● REQUIRED WORK
Without the pictures, give the listing below again exactly.

● SOURCE INFORMATION

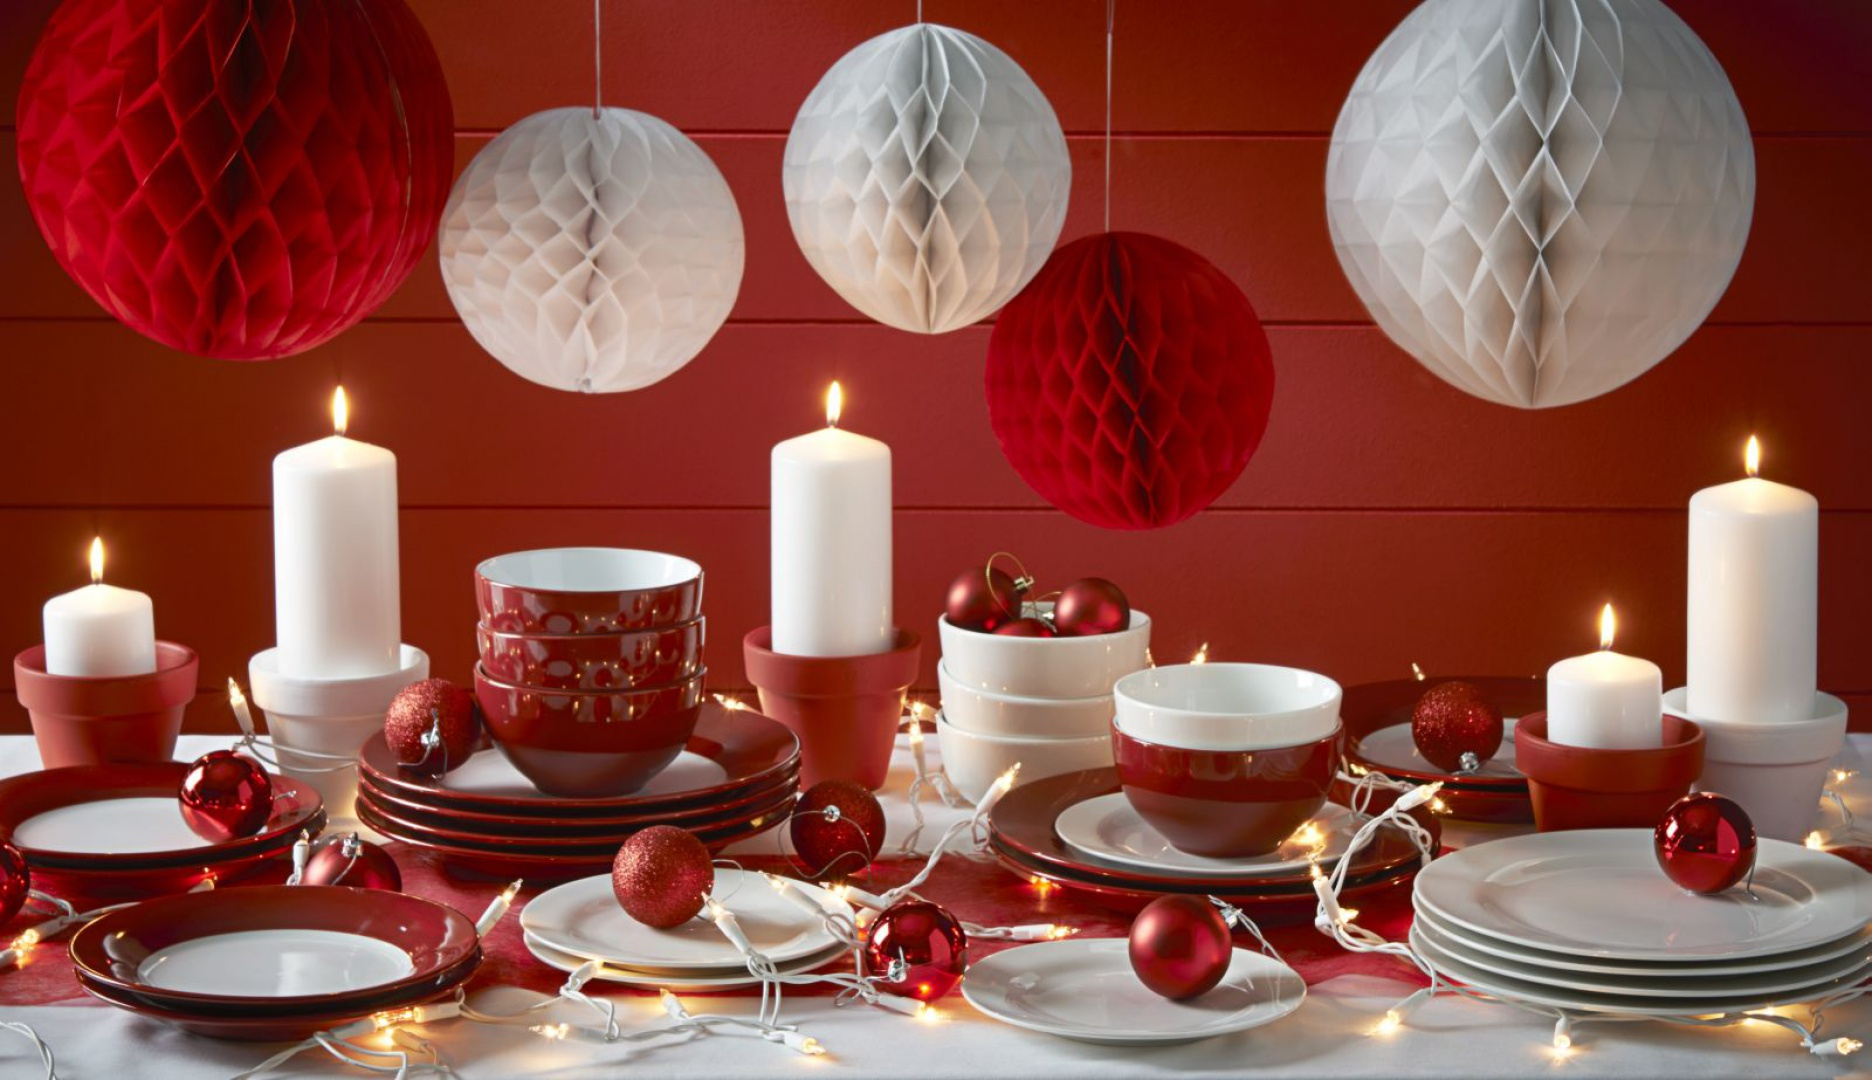 Świąteczną aranżację w czerwieni możemy stworzyć bazując na przedmiotach, które mamy w domu. Wystarczy, że do białe świece wstawimy w czerwony świecznik a do białych talerzy dokupimy czerwone bulionówki i serwetki. Fot. Wilko.
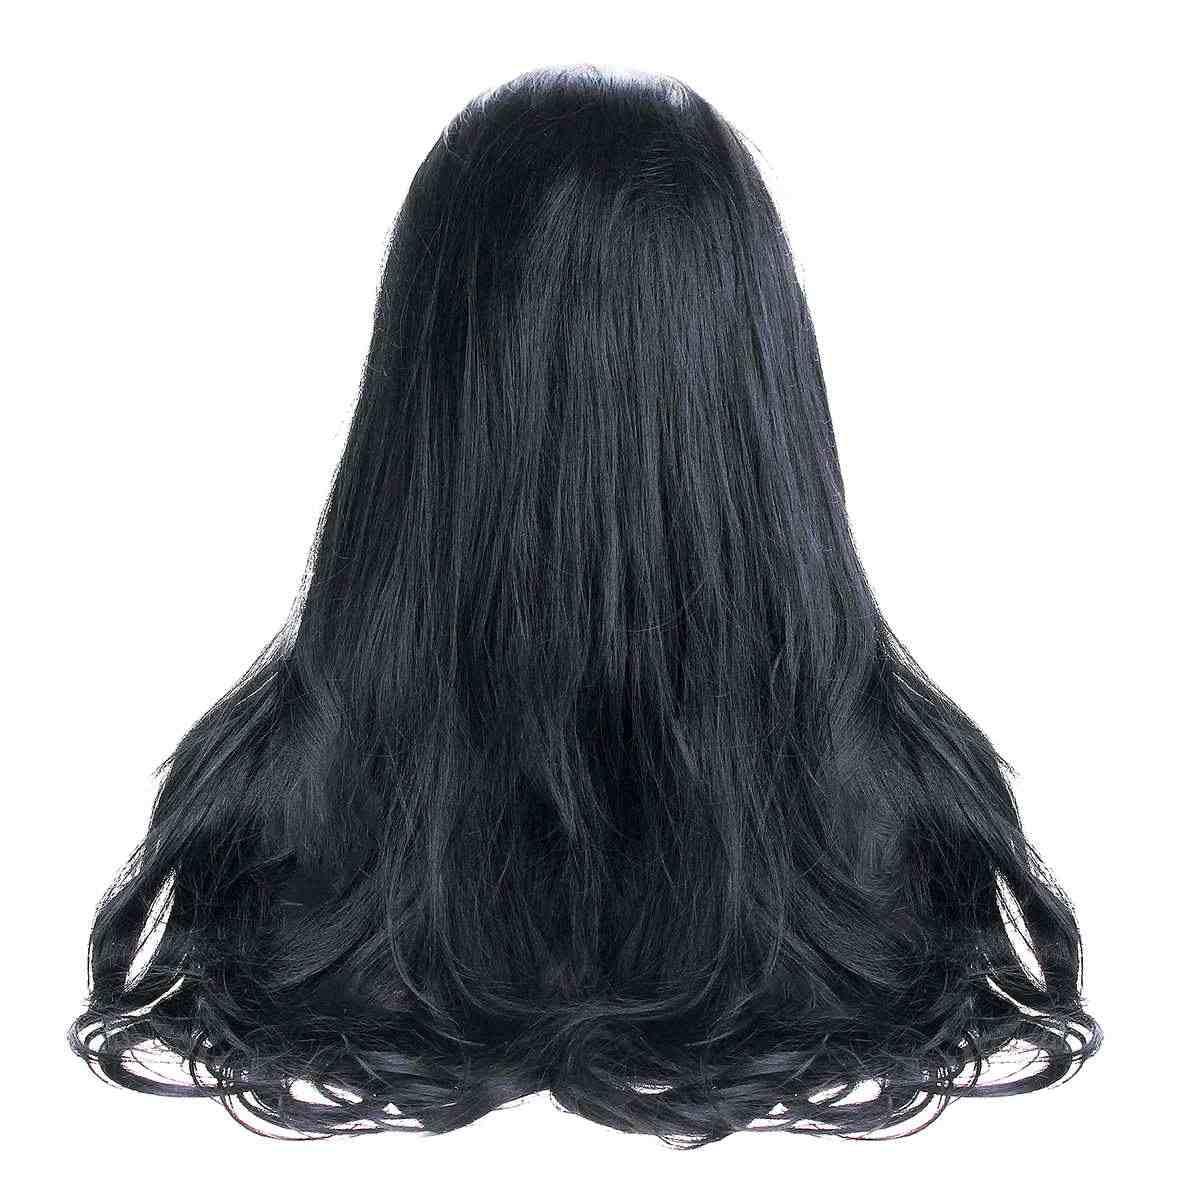 """Бесклеевая кружевная передняя часть человеческих волос парики Полный парик 24 """"Женский тела предварительно сорванный волнистый парик с черными волосами Hairline Dream beauty"""
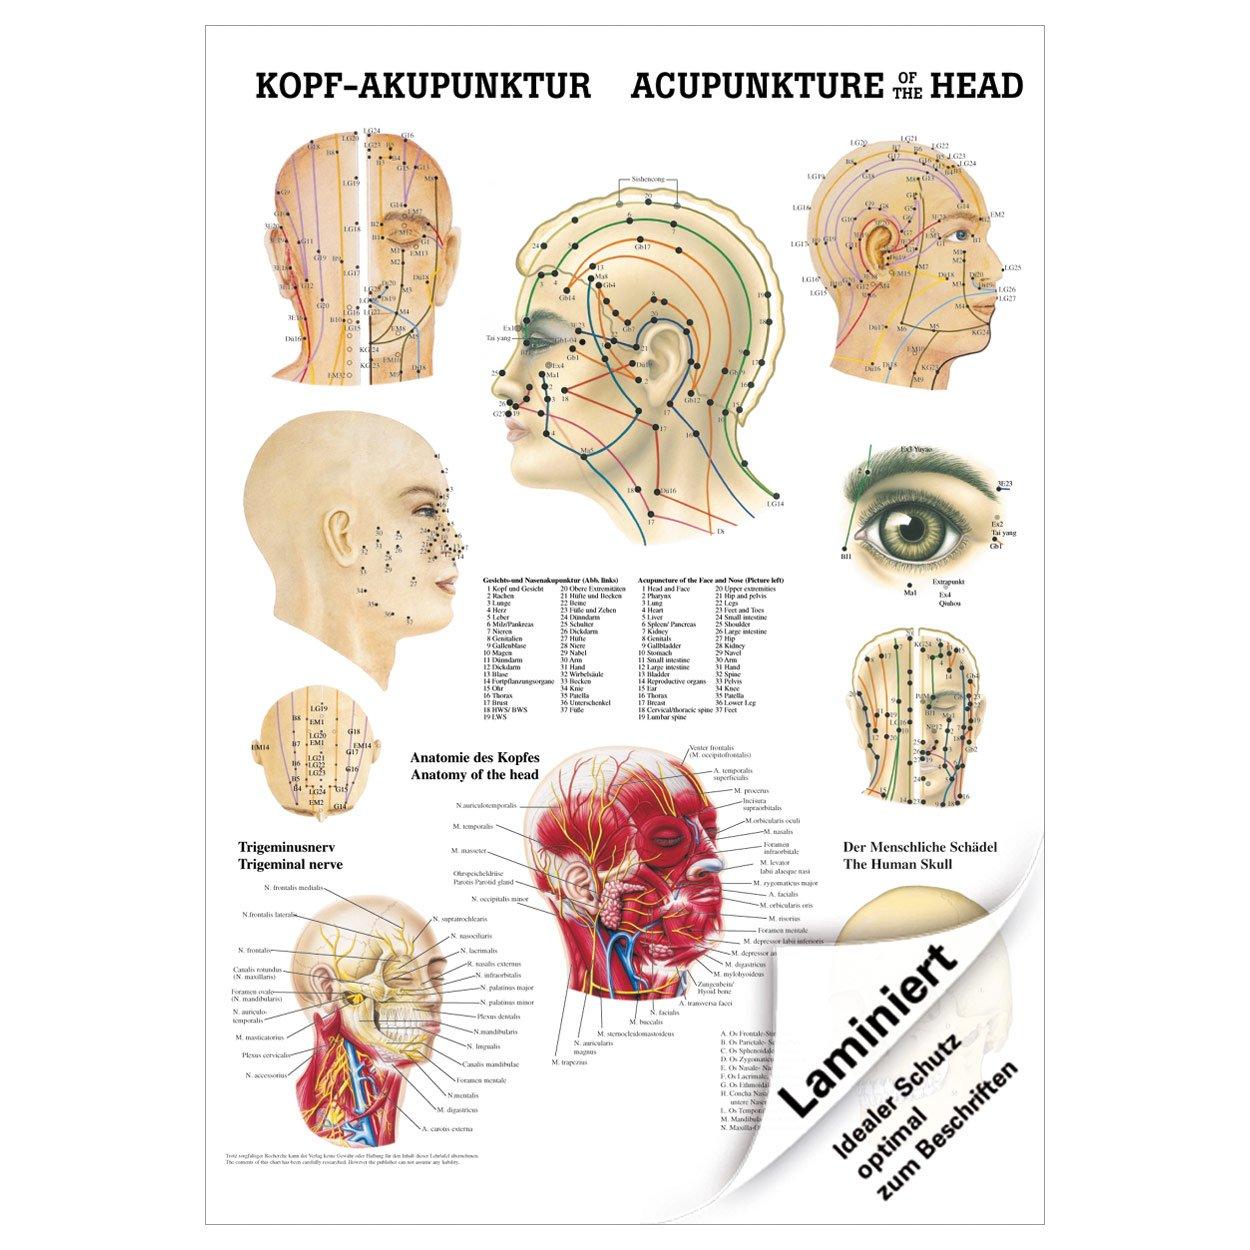 Charmant Die Anatomie Des Kopfes Fotos - Menschliche Anatomie Bilder ...
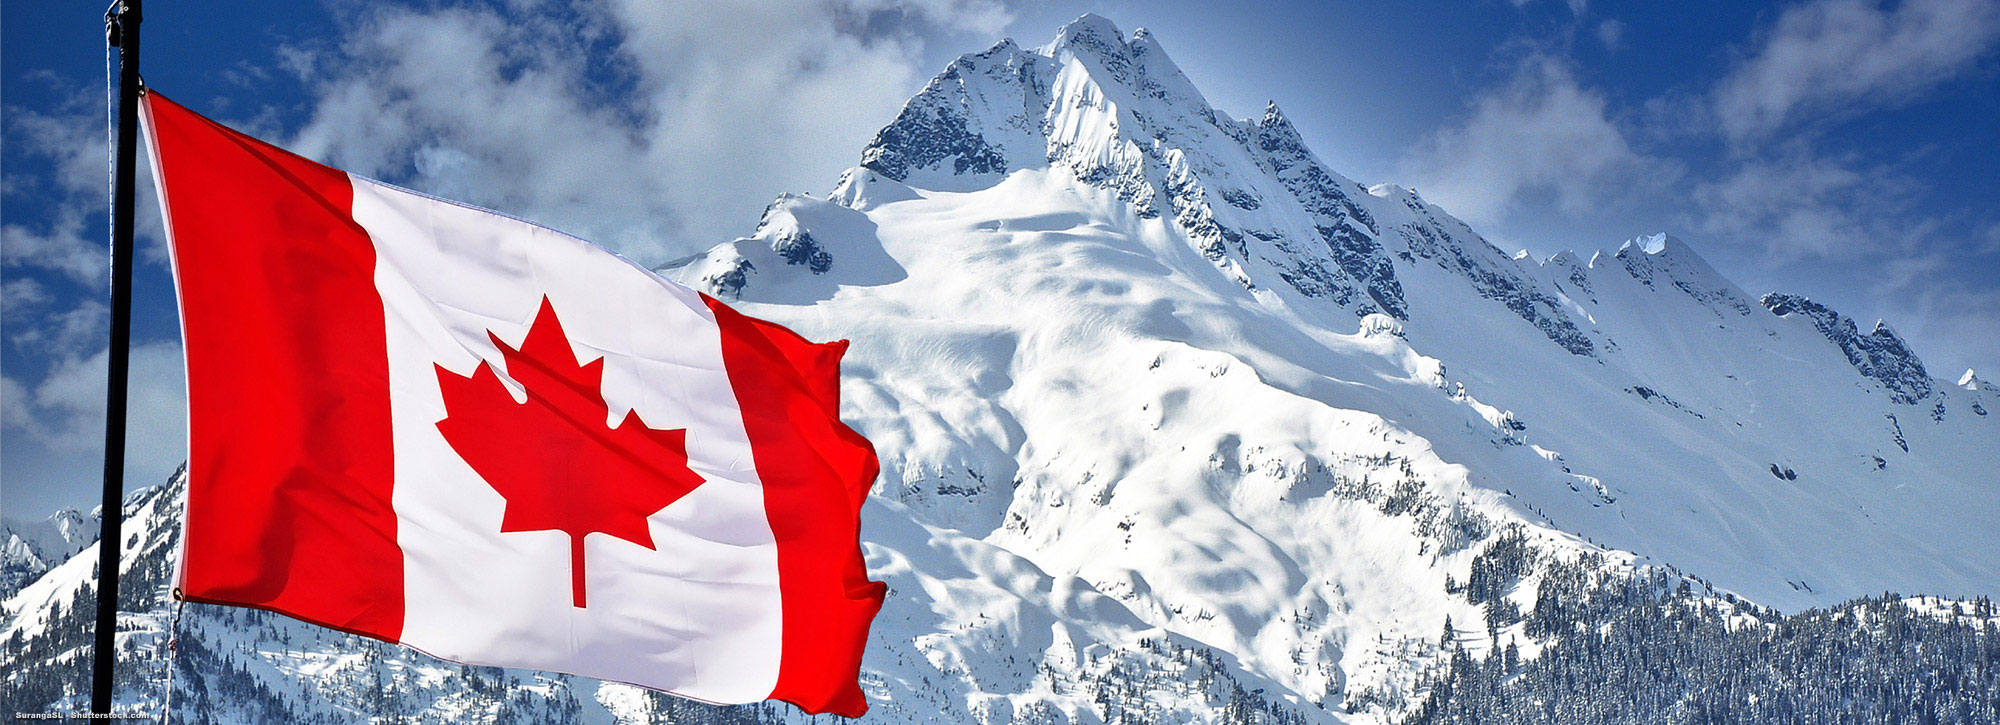 Séjours linguistiques Canada, cours d'anglais Canada
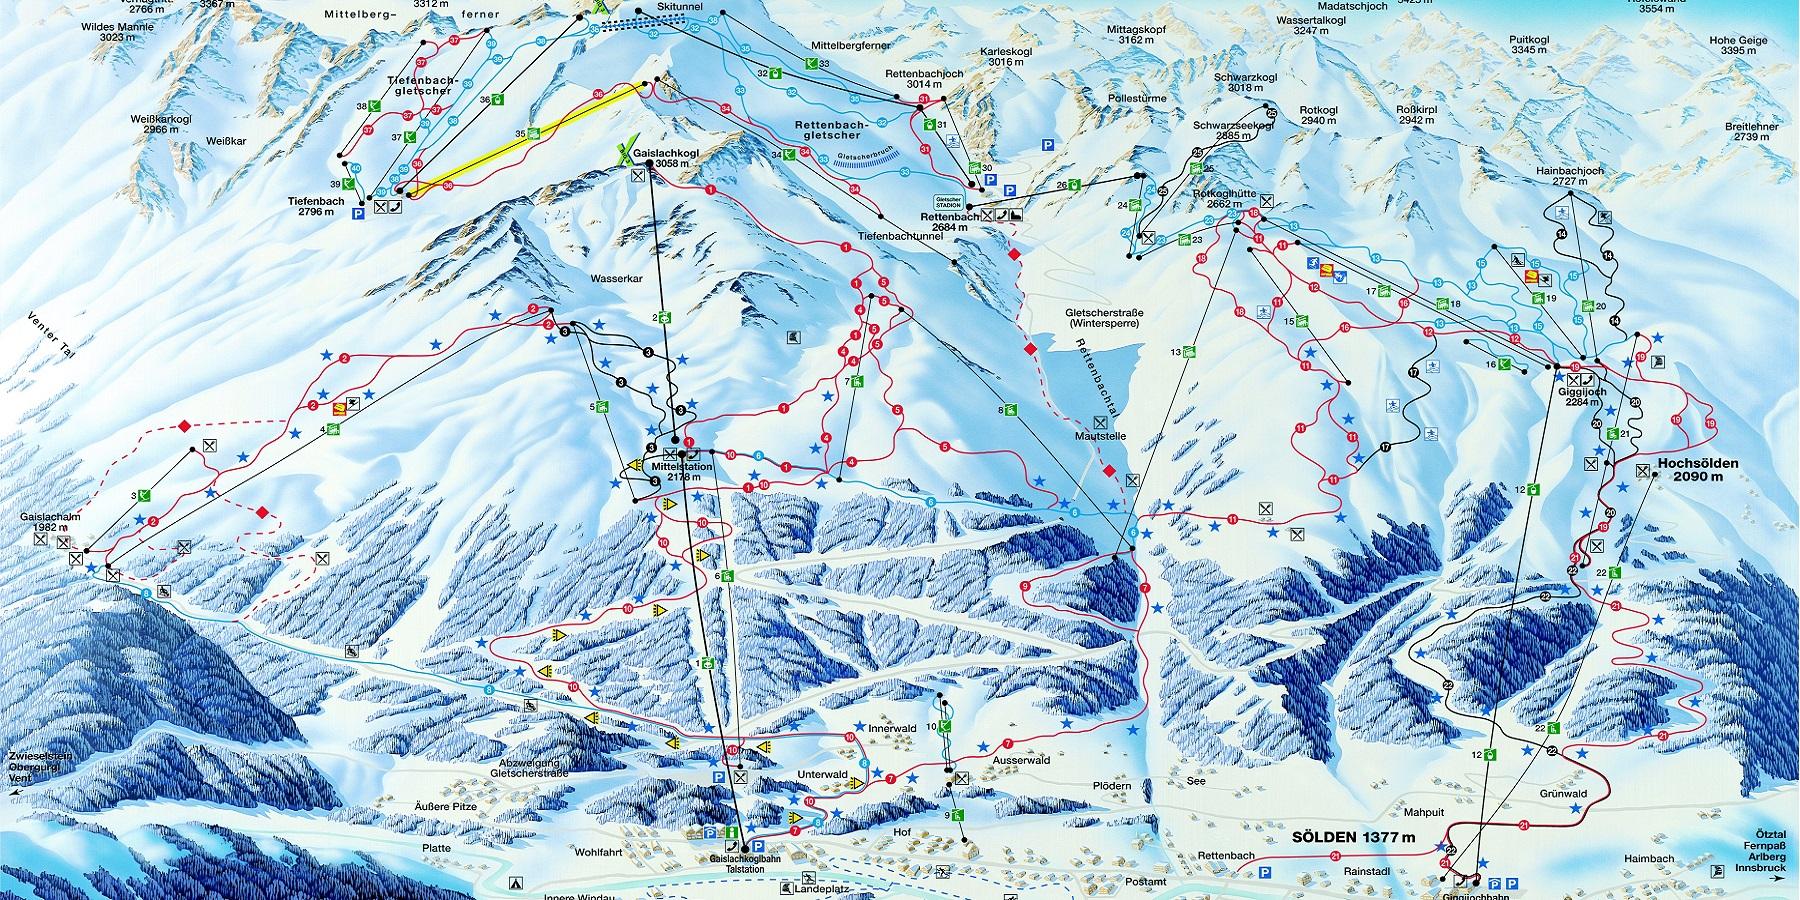 Схема трасс в Зельден (Ski map Solden)

● OUTPUT FOR THIS TASK
 Świąteczną aranżację w czerwieni możemy stworzyć bazując na przedmiotach, które mamy w domu. Wystarczy, że do białe świece wstawimy w czerwony świecznik a do białych talerzy dokupimy czerwone bulionówki i serwetki. Fot. Wilko.
 """Бесклеевая кружевная передняя часть человеческих волос парики Полный парик 24 """"Женский тела предварительно сорванный волнистый парик с черными волосами Hairline Dream beauty"""
 Charmant Die Anatomie Des Kopfes Fotos - Menschliche Anatomie Bilder ...
 Séjours linguistiques Canada, cours d'anglais Canada
 Схема трасс в Зельден (Ski map Solden)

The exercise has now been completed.